Published in final edited form as: Cell. 2009 Feb 20;136(4):642–655. doi: 10.1016/j.cell.2009.01.035

Figure 3. Mechanisms of siRNA Silencing.

Figure 3

During canonical RNAi (lower right), siRISC recognizes a perfectly complementary mRNA, leading to Ago-catalyzed mRNA cleavage at a single site within the duplex. After cleavage, functional siRISC is regenerated, whereas the mRNA fragments are further degraded. siRNAs are also capable of recognizing targets with imperfect complementarity (upper right). In some cases, they can silence targets by miRNA-like mechanisms involving translational repression and exonucleolytic degradation, though the frequency with which natural siRNAs use these pathways is not clear. Finally, siRISC can direct heterochromatin formation (left) by associating with nascent transcripts and RNA polymerases (RNA Pol II in S. pombe and RNA Pol IV/V in A. thaliana). In plants, target engagement leads to the association or activation of a DNA methyltransferase (DMT) that methylates the DNA (lower left), leading to heterochromatin formation. In S. pombe and probably in animals (upper left), the pathway involves a histone methyltransferase (HMT) that methylates Lys9 of histone H3 (data not shown), thereby inducing heterochromatinization.
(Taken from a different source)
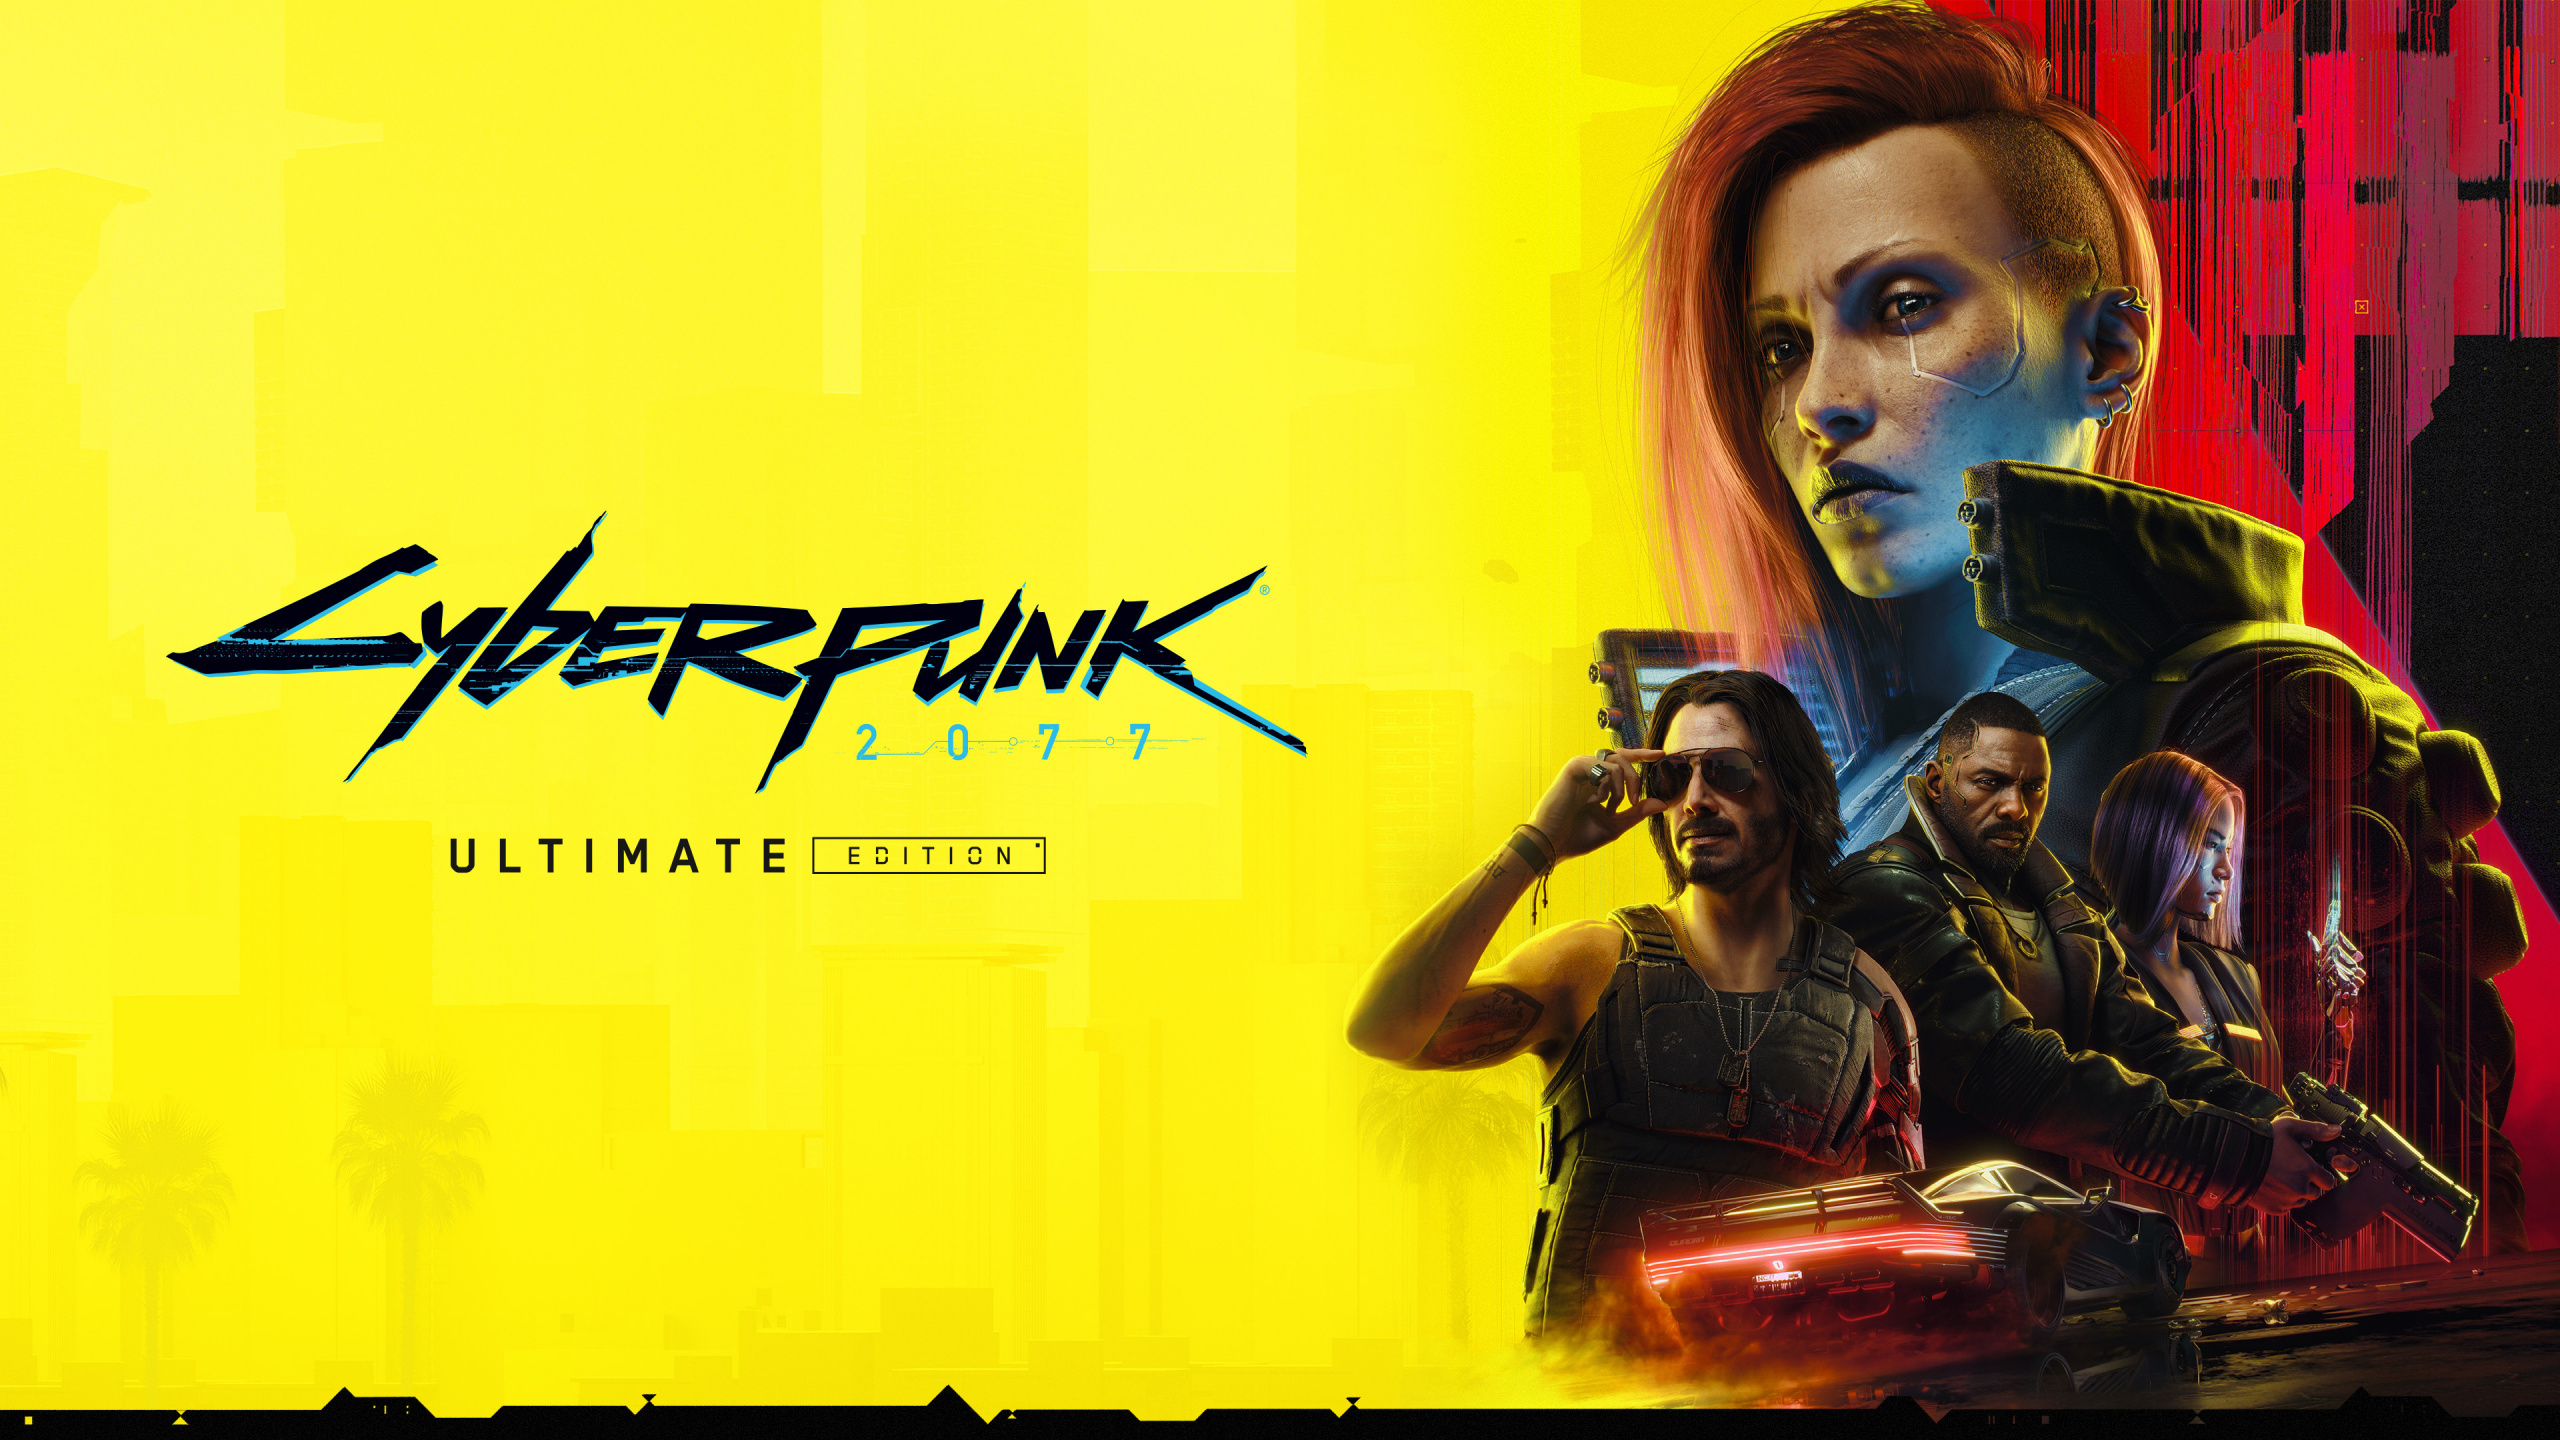 Cyberpunk 2077: Ultimate Edition and Update 2.1 Available Today! - CD  PROJEKT

In most eukaryotes other than insects and mammals, target recognition by siRISC induces the synthesis of secondary dsRNAs and siRNAs by RdRP enzymes (lower middle). The secondary dsRNAs are processed by Dicer into siRNAs, which add to the pool of siRISC. In nematodes, many of the secondary siRNAs arise as single-stranded, unprimed transcripts with 5′-triphosphates and do not require Dicer processing.